Я отрицательно покачал головой.

— Думаешь, у таких вещей есть срок годности? — ляпнул я в шутку, но он не улыбнулся. — В любом случае, как ты можешь догадаться, вся эта гей-штука не слишком хорошо прошла.

— Черт, Беннет, — вздохнул он. — Что случилось?

— Ну, я долго откладывал свой камин аут. По сути, я даже не рассматривал вариант открыться им до тех пор, пока у меня не появился первый настоящий бойфренд в колледже, но даже тогда я все равно трусил. В конце концов, я понял, что просто должен сказать им, потому что продолжать хранить это в секрете выматывало все нервы и постоянно держало меня в стрессе.

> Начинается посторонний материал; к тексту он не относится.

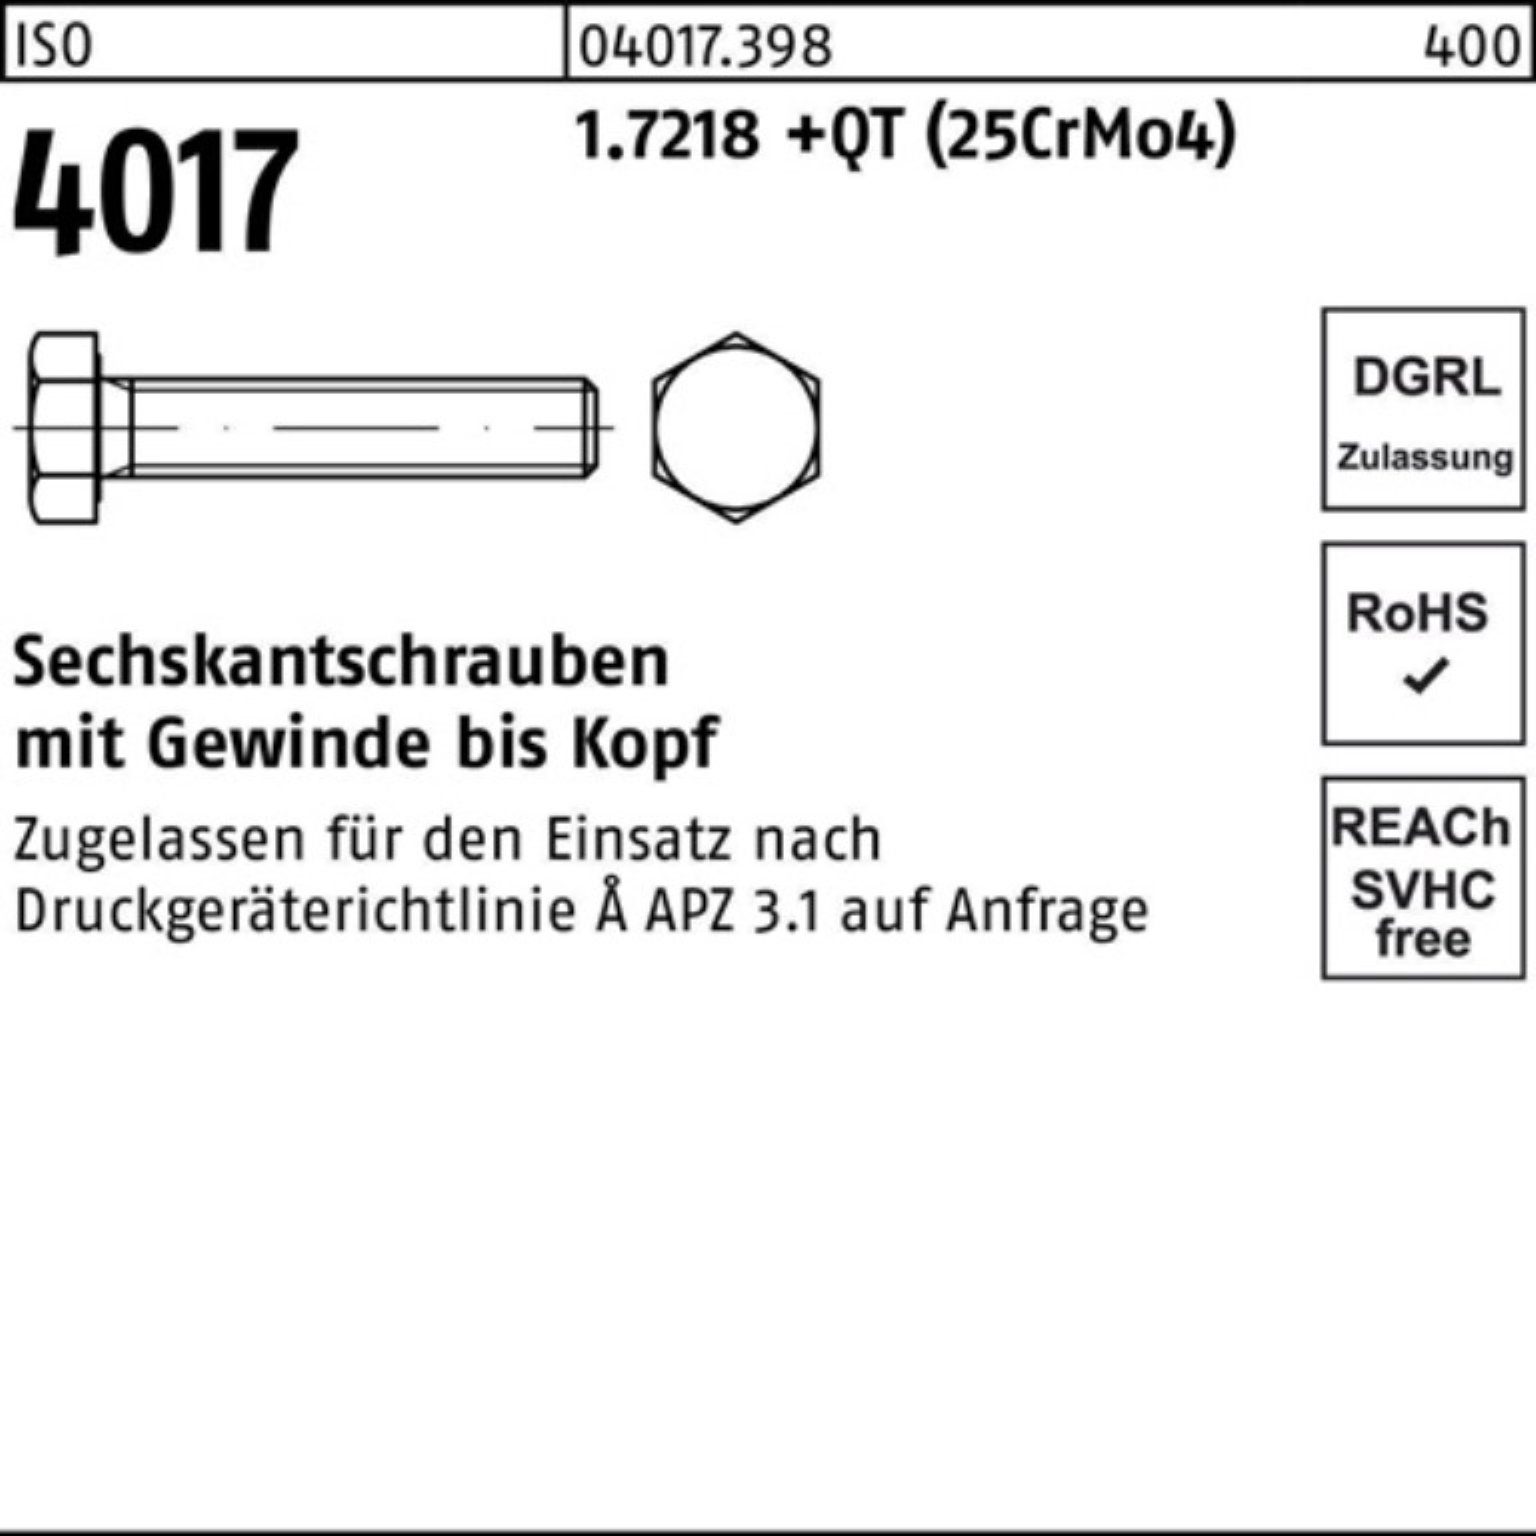 +QT M24x Bufab 55 1.7218 VG 100er (25CrMo4) Sechskantschraube Sechskantschraube Pack ISO 4017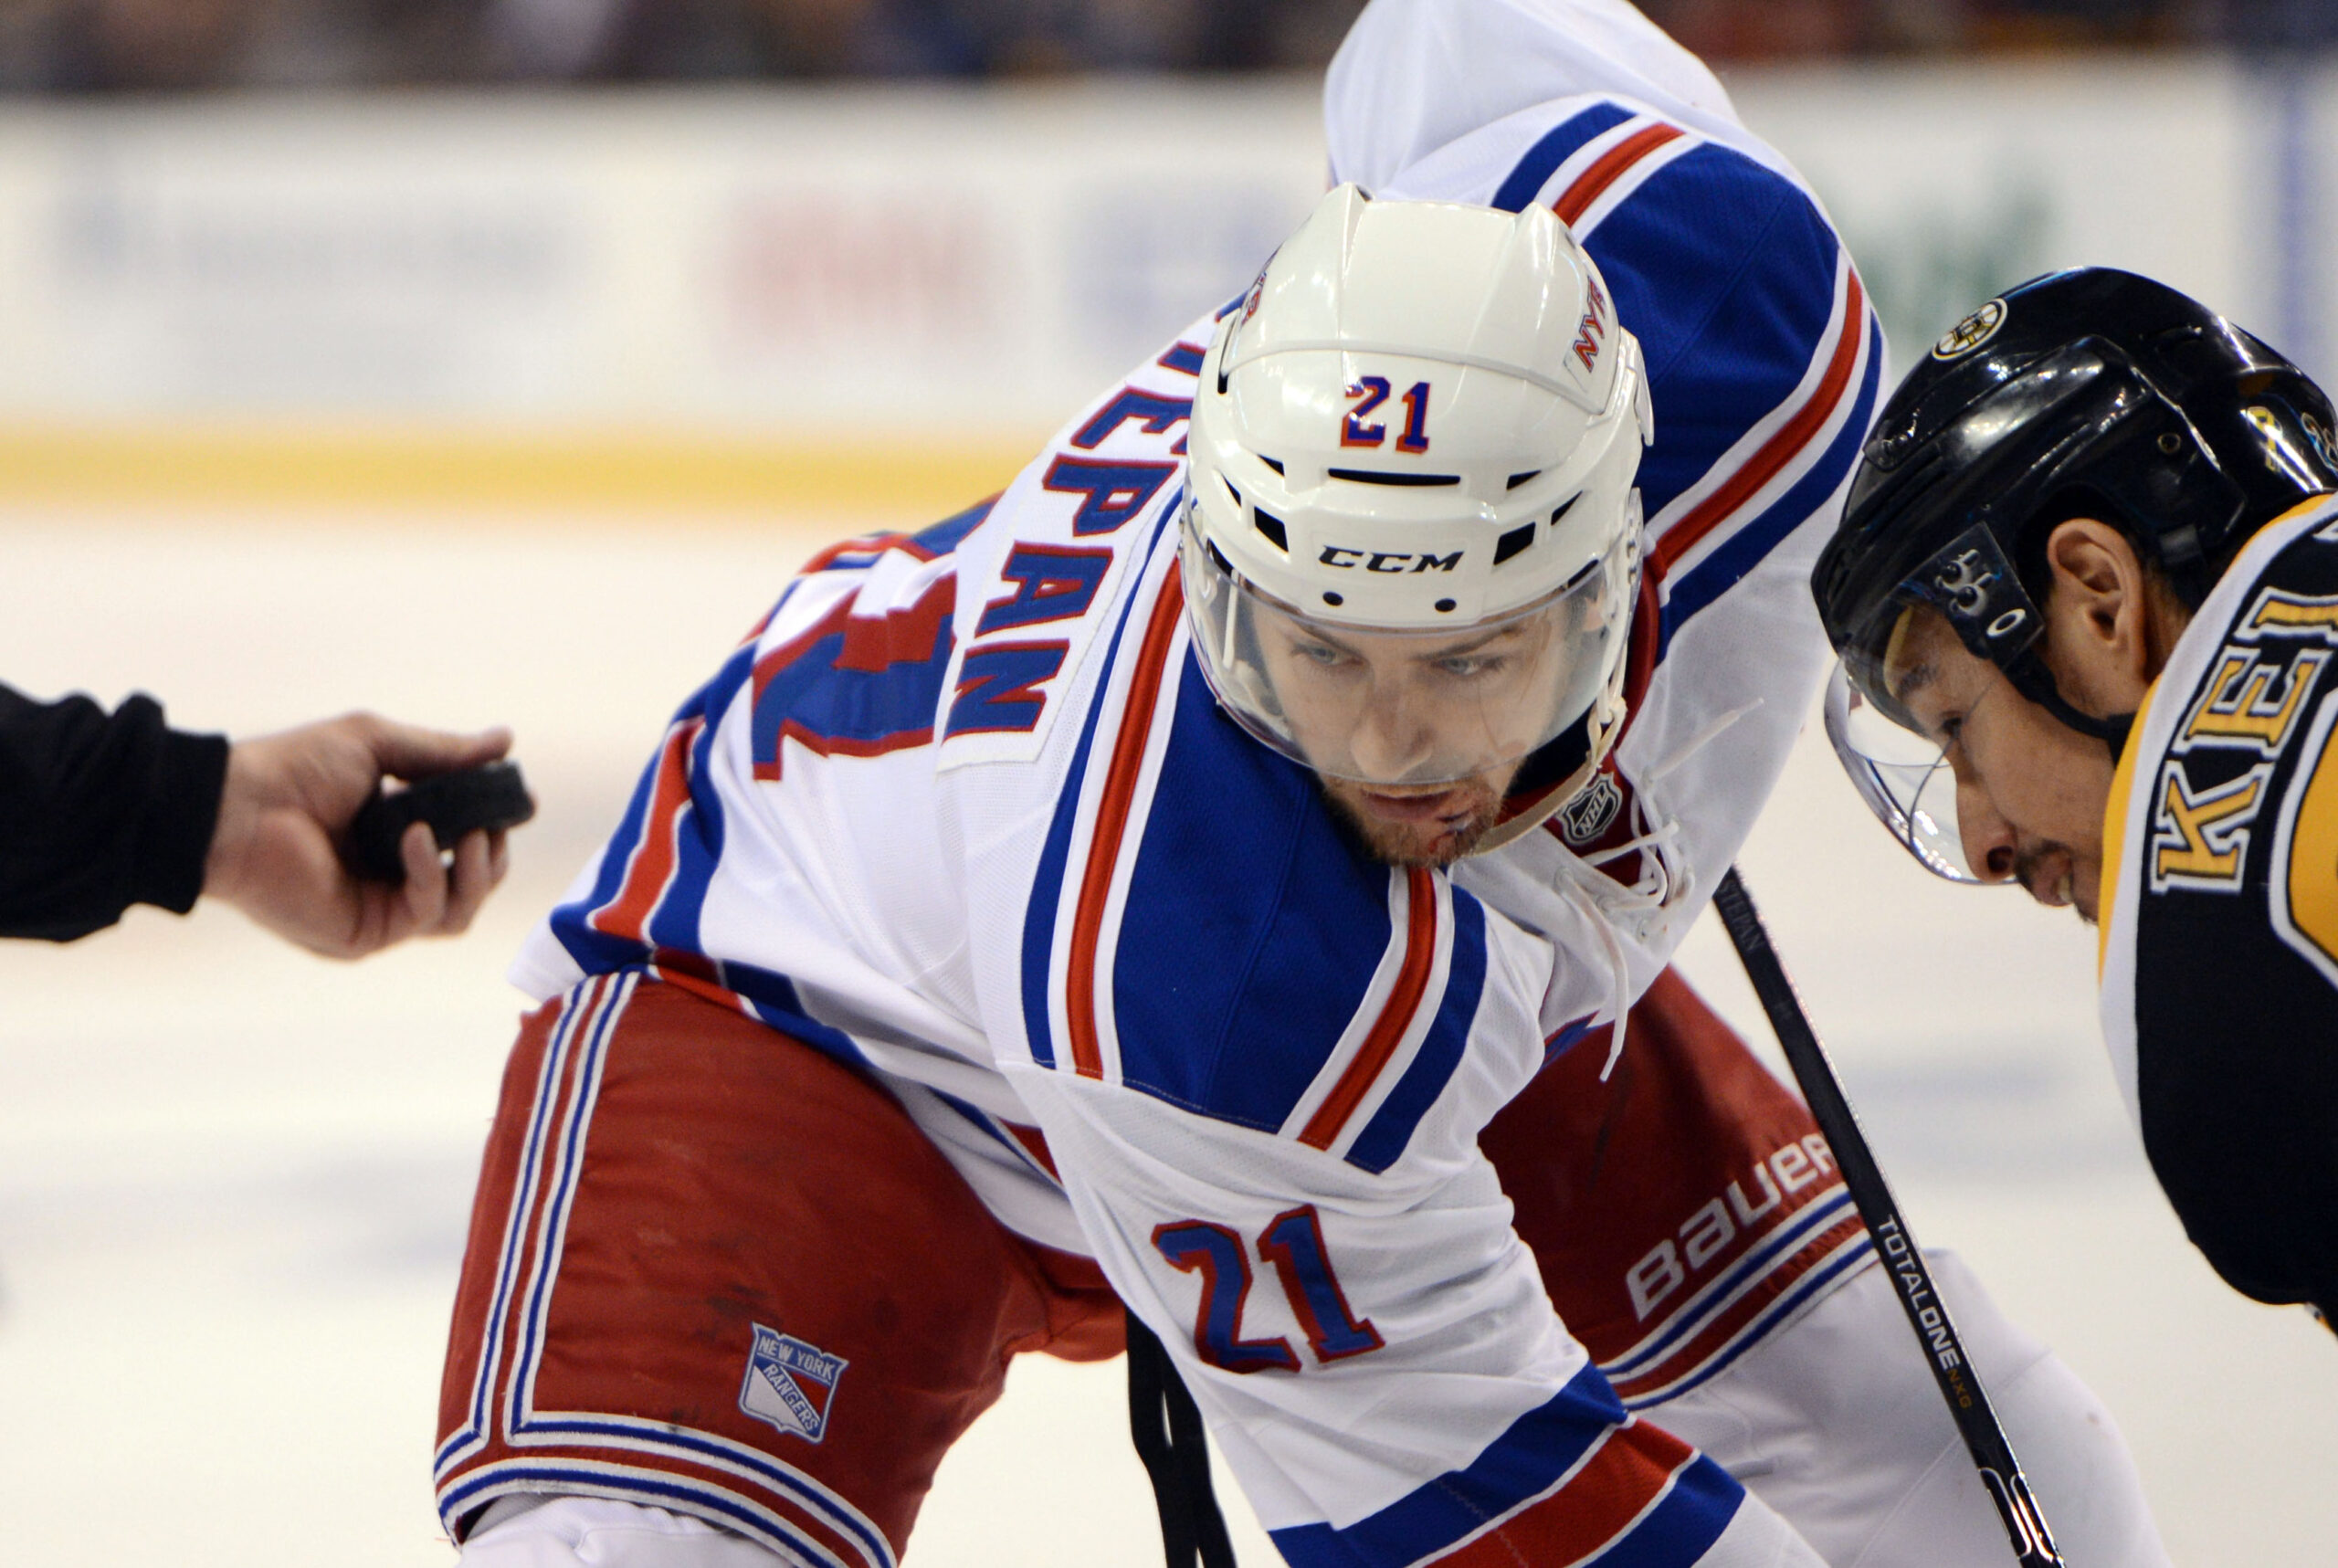 Derek Stepan Announces Retirement After 13 NHL Seasons - The Hockey News

— И как ты это сделал? Что ты сказал?

— Я уже был готов все им рассказать. Мы собирались вместе поужинать в пятницу вечером у них дома, и я знал, что это будет прекрасная возможность открыться без лишних свидетелей. В случае, если бы все прошло слишком напряженно, я мог бы просто уйти. Но как только мы сели за стол, отец опередил меня. Посмотрел мне прямо в глаза и спросил, какого черта я творю.

Сделав глубокий вдох, я попытался абстрагироваться от давно забытых эмоций, которые во мне порождали воспоминания о том вечере.

— Я не сразу понял, о чем он говорит, и, должно быть, мама заметила эту растерянность на моем лице. Она объяснила, что отец столкнулся с одним из моих друзей из Гарварда на поле для гольфа в тот день, и он познакомил отца с моим парнем. Я думал, что умру прямо там.

— О черт, Бенни, — пробормотал Зендер, и то, как он называл меня не по имени, а моим старым прозвищем, необъяснимо успокаивало, не давая разбушеваться ожившим эмоциям из-за воспоминания об отцовской ярости. Я сомневался, что Зендер сам замечает, как все чаще обращается ко мне именно так в последние пару дней, поэтому не заострял на этом внимание, но дорожил каждым таким моментом, будто сокровищем.

— Да. Оказалось, это был Эйден, и он даже попытался исправить ситуацию, — я бросил на Зендера быстрый взгляд после упоминания имени Эйдена.

Они ладили чуть лучше, но я не был уверен, как он отреагирует на мои рассказы об отношениях с другим мужчиной. Черт, я даже не знал, догадался ли Зендер, что именно с Эйденом я и лишился девственности. Но он не выглядел расстроенным. Линия его плотно сомкнутой челюсти казалась немного более напряженной, но на этом и все. Когда он немного расслабился, я продолжил.